■ Assigned task
When you reach the line that contains "千賀ゆうこ 9/5-6", please begin copying, and carry on exactly to the last line of the material, leaving out every picture.

_____

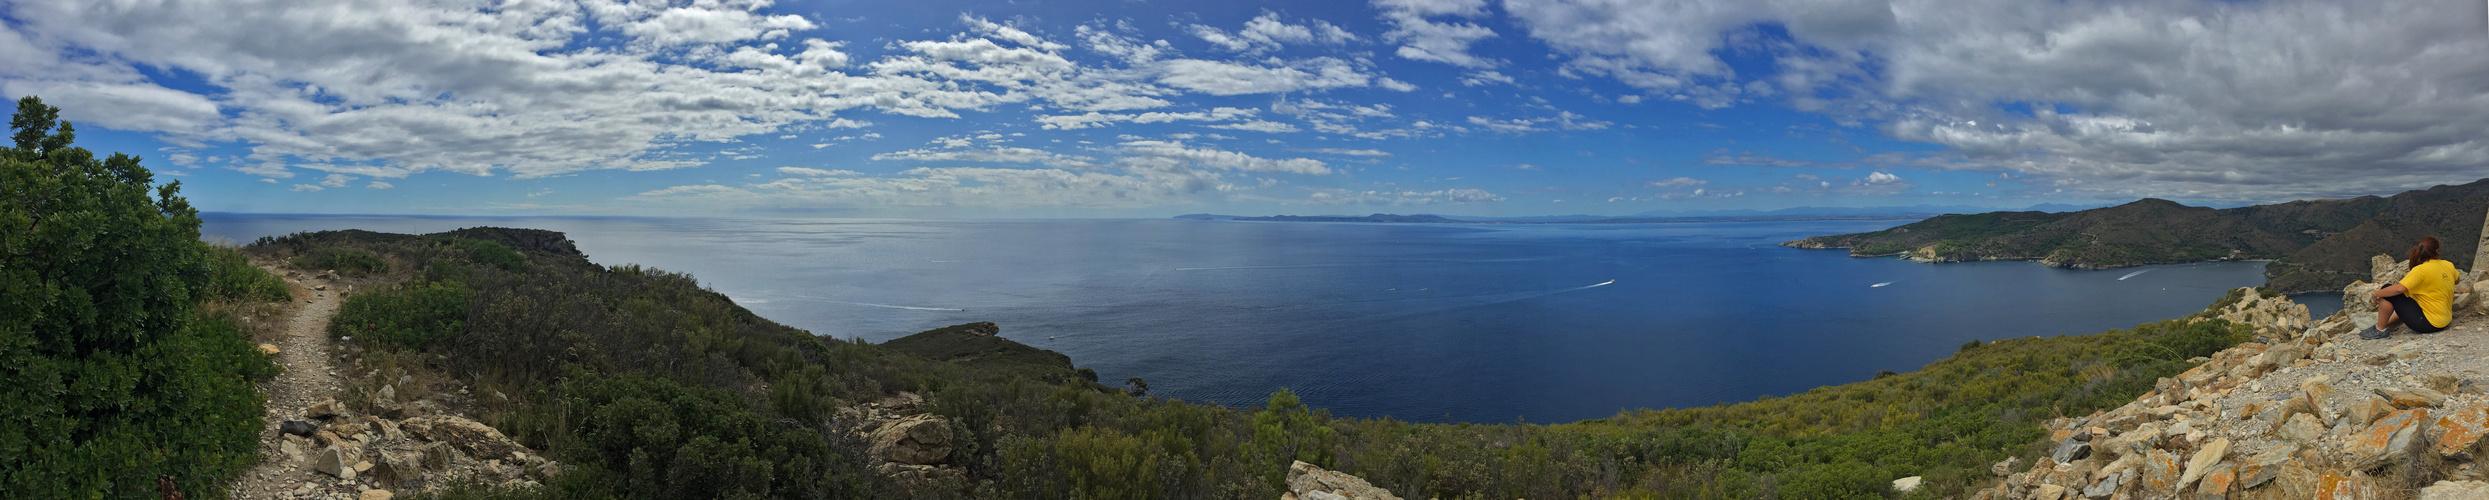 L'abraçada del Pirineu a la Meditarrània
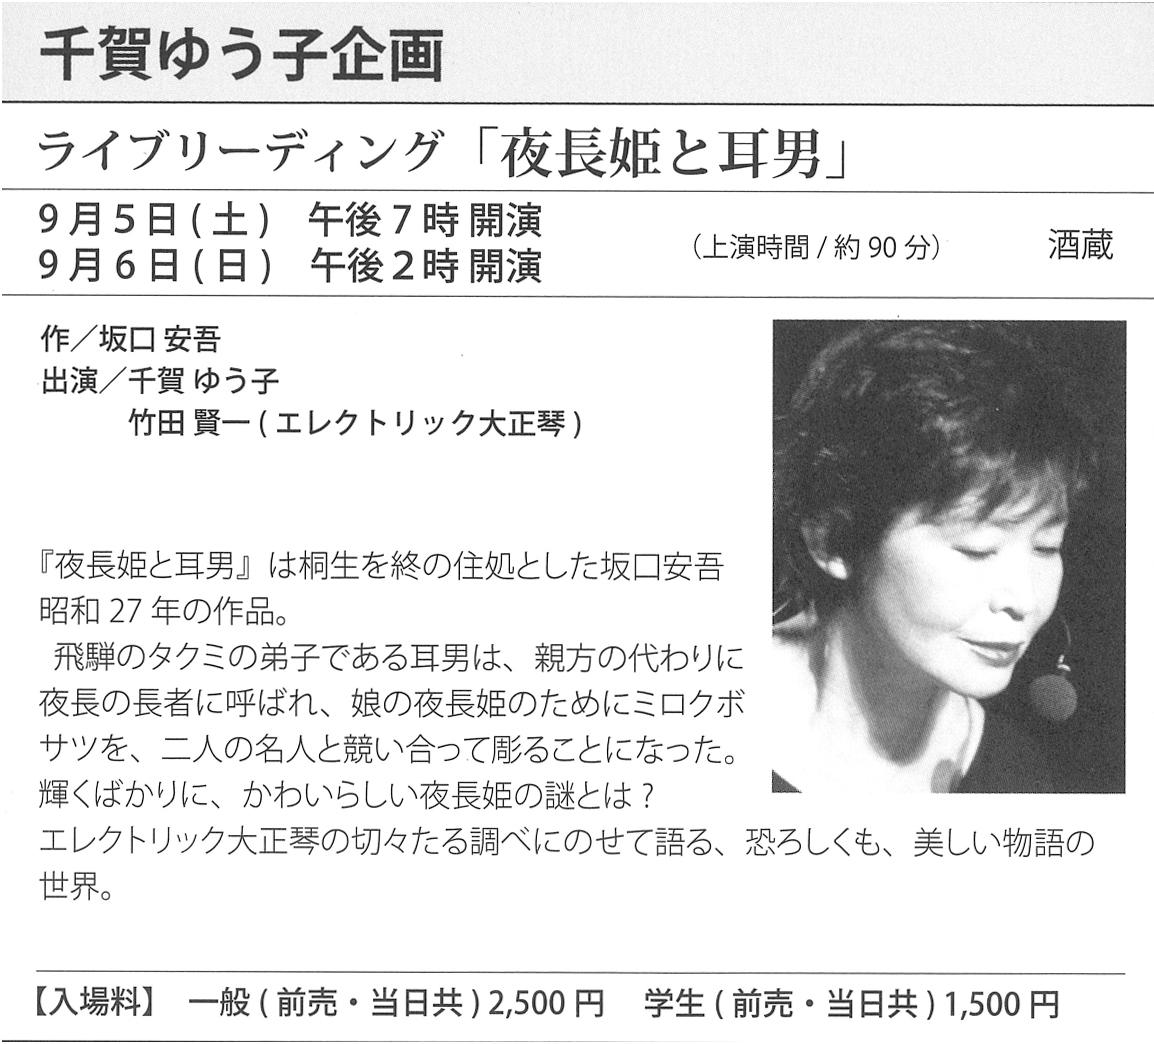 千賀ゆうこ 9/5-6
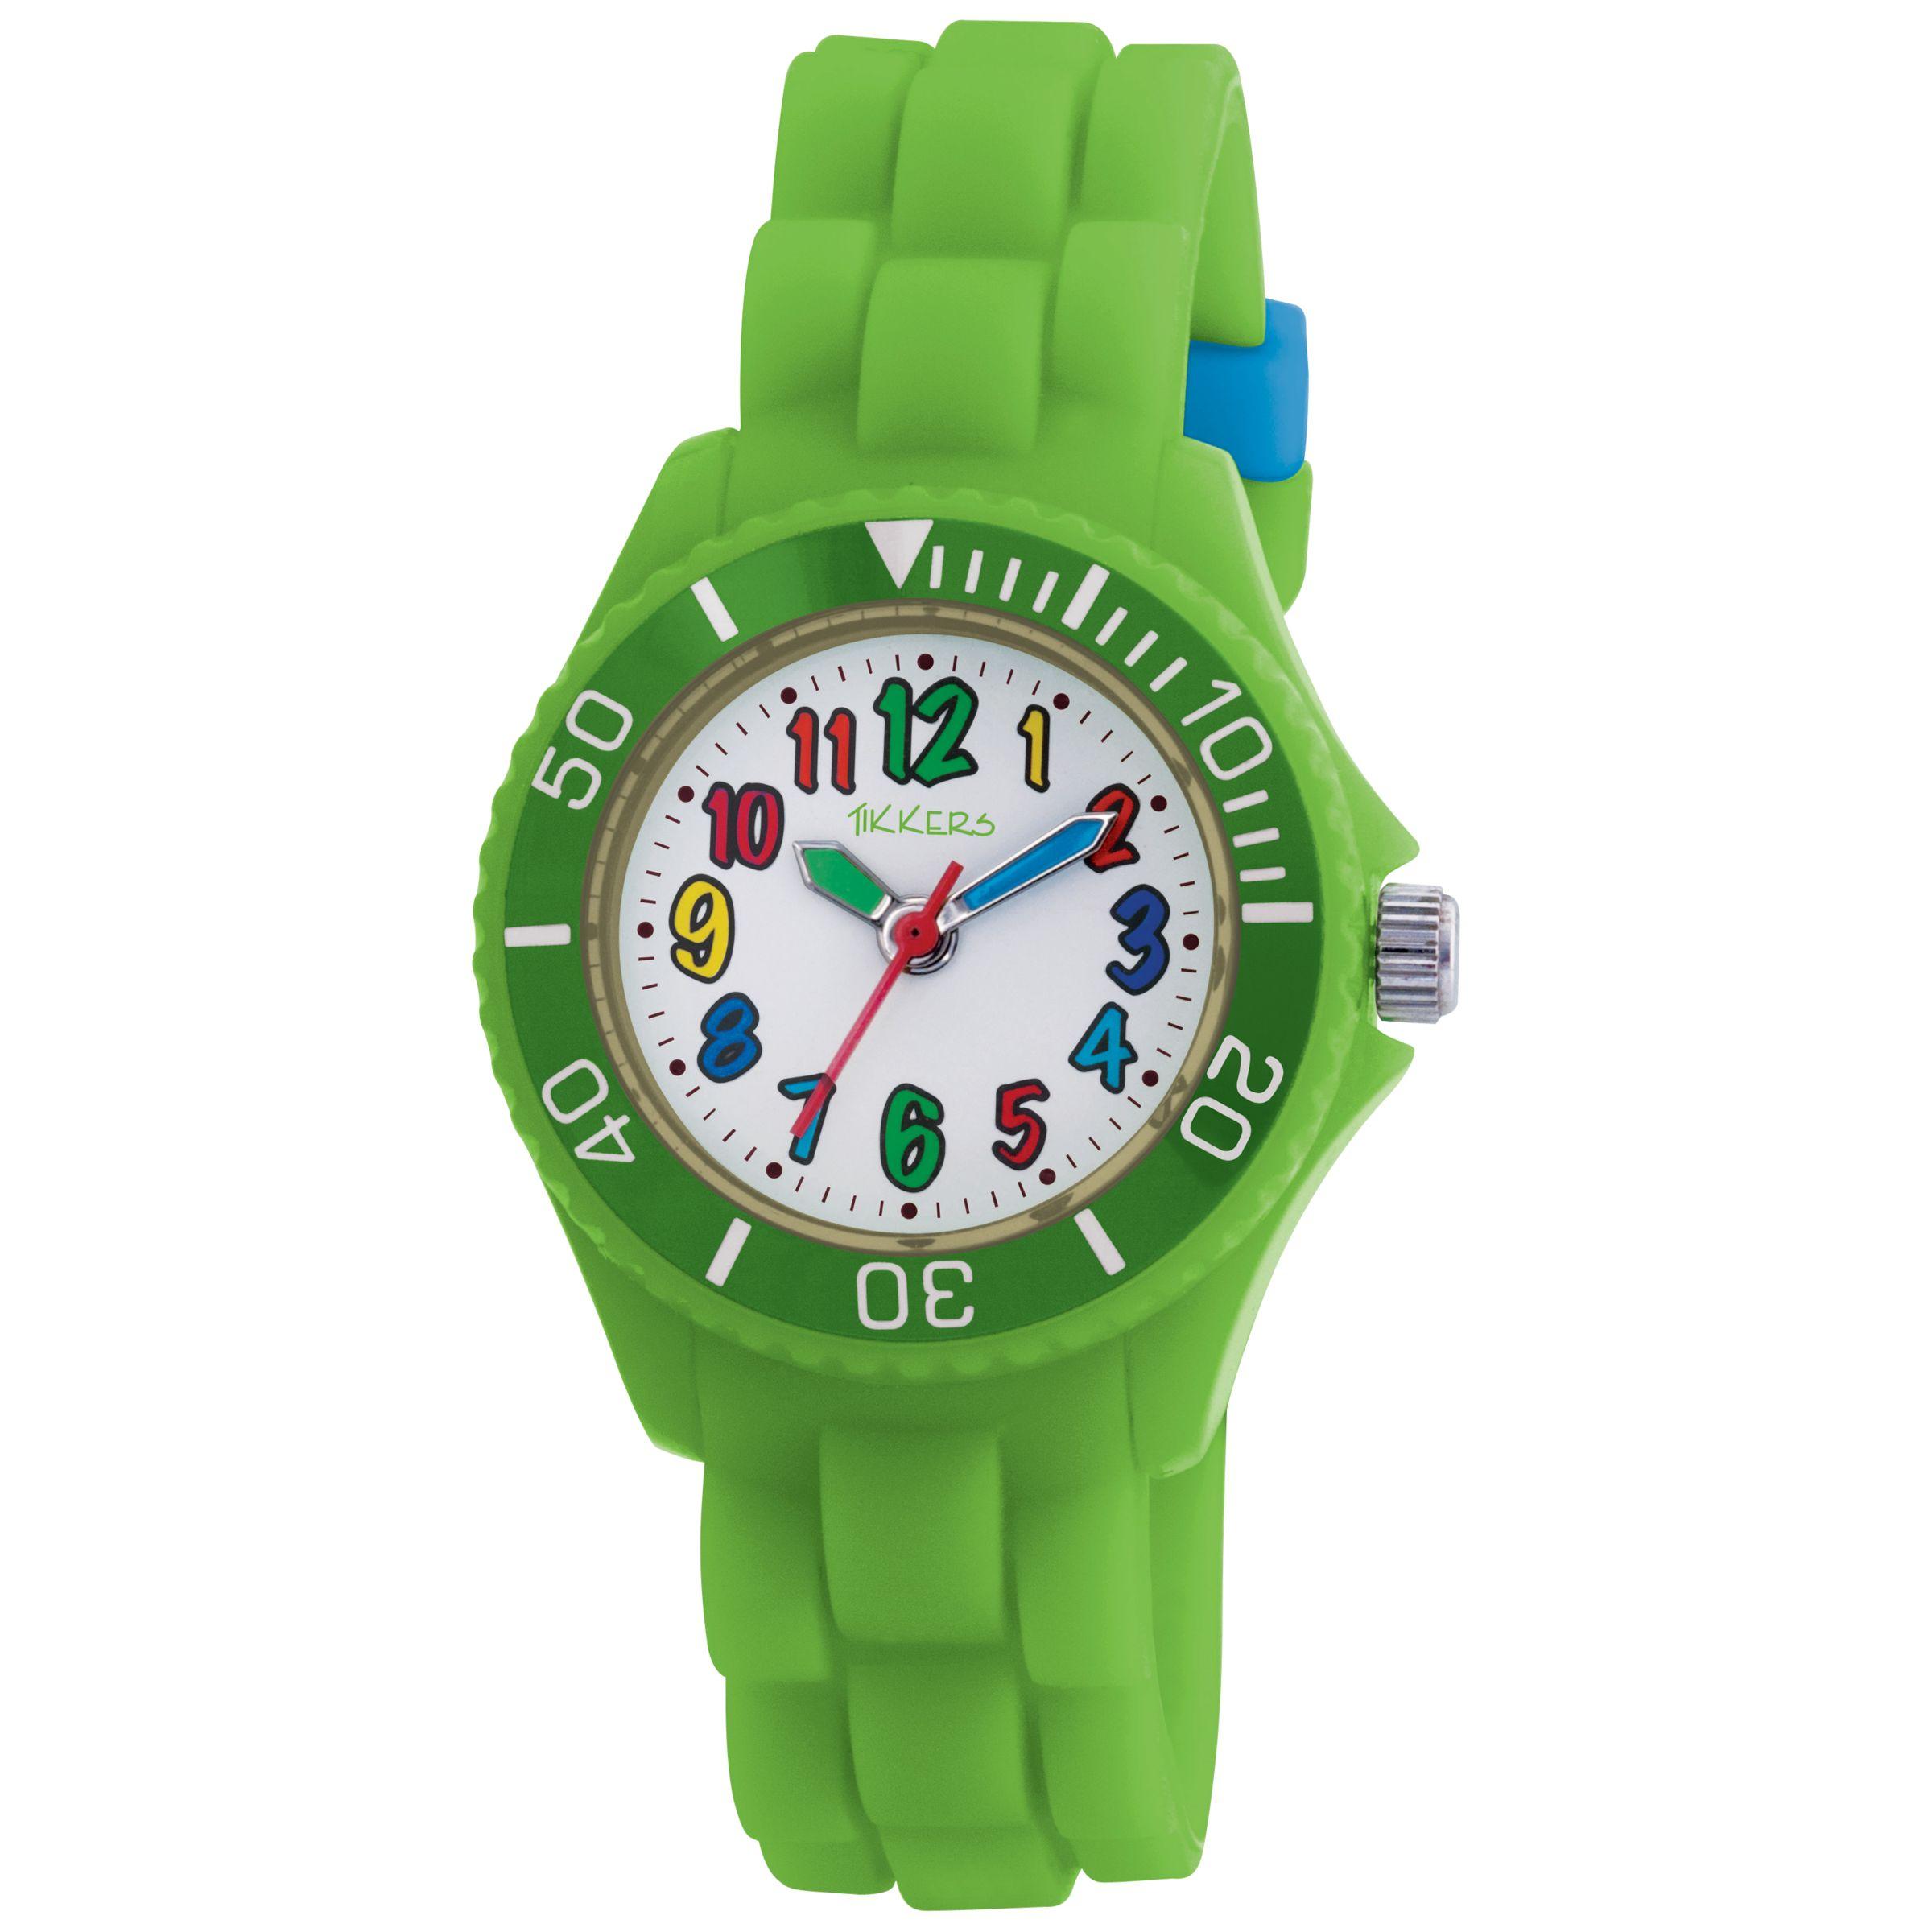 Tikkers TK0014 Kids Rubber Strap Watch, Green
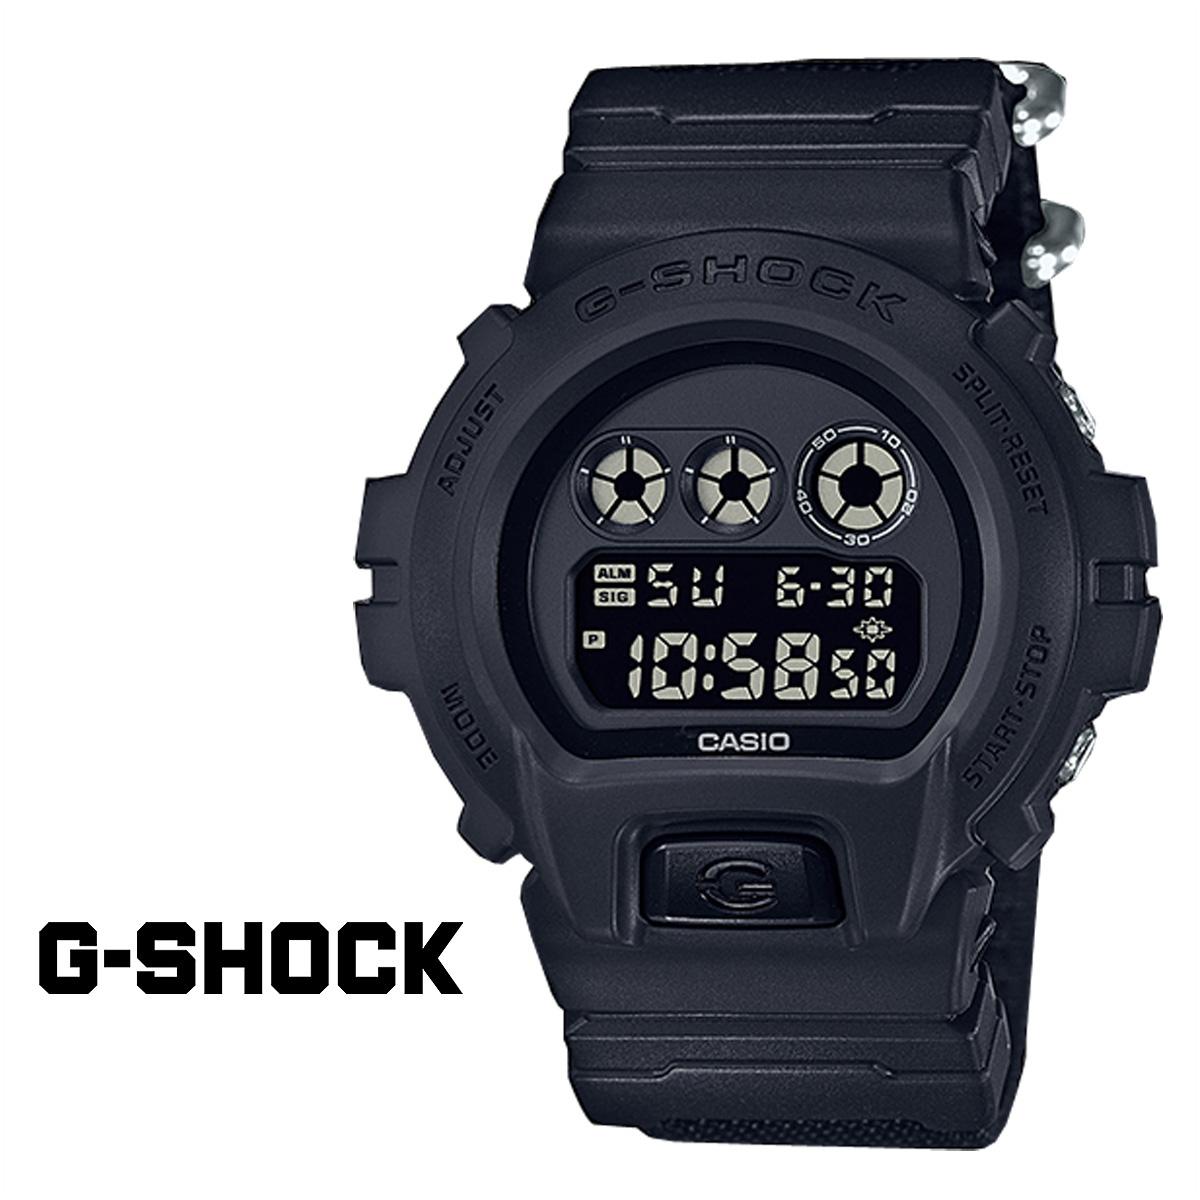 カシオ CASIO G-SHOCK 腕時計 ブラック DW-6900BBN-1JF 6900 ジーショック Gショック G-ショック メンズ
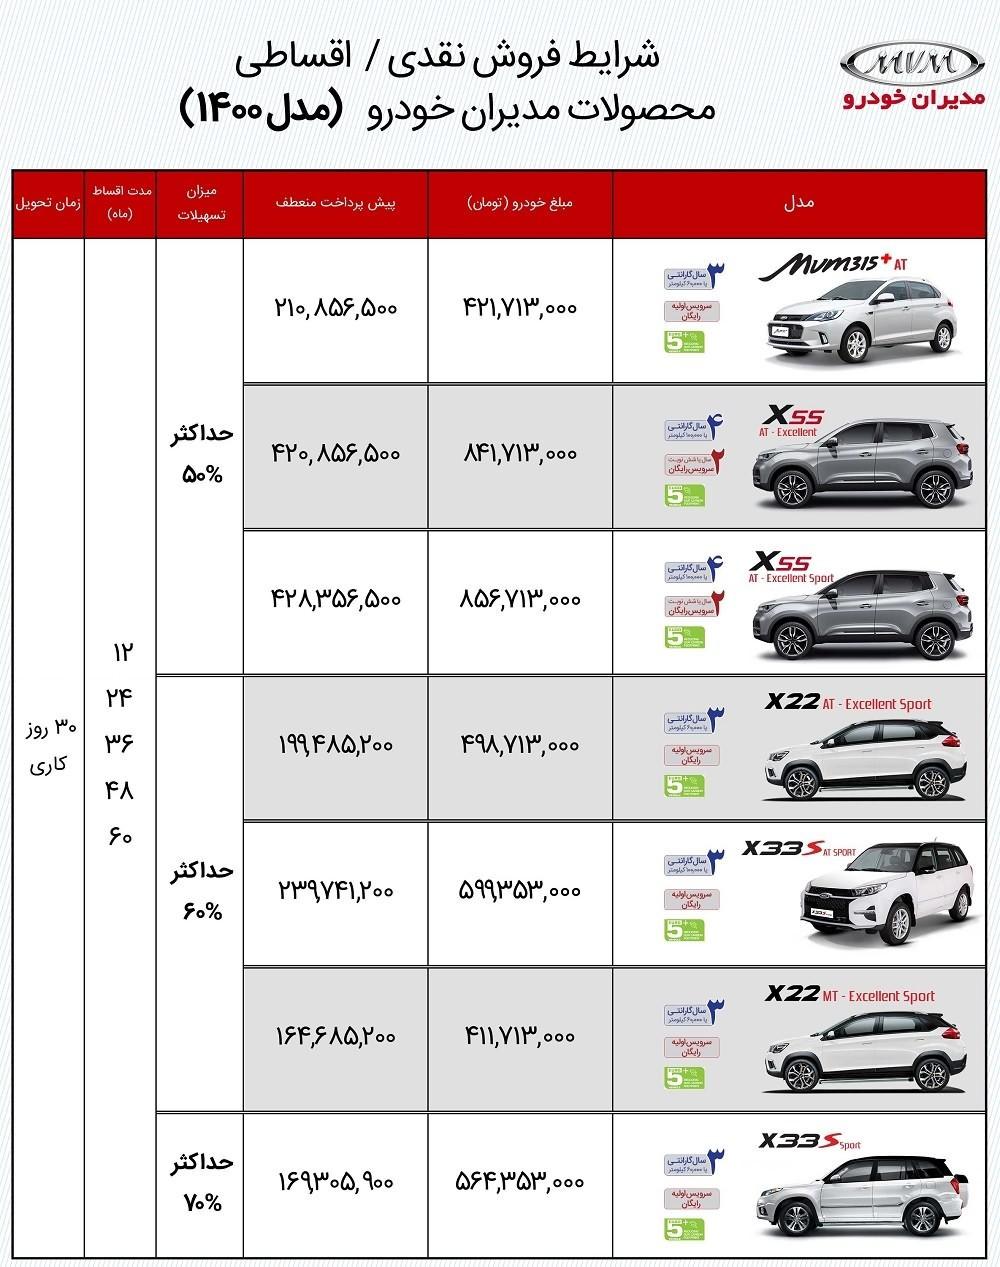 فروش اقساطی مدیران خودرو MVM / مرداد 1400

_____

■ Final answer
 千賀ゆうこ 9/5-6
 Tikkers TK0014 Kids Rubber Strap Watch, Green
 カシオ CASIO G-SHOCK 腕時計 ブラック DW-6900BBN-1JF 6900 ジーショック Gショック G-ショック メンズ
 فروش اقساطی مدیران خودرو MVM / مرداد 1400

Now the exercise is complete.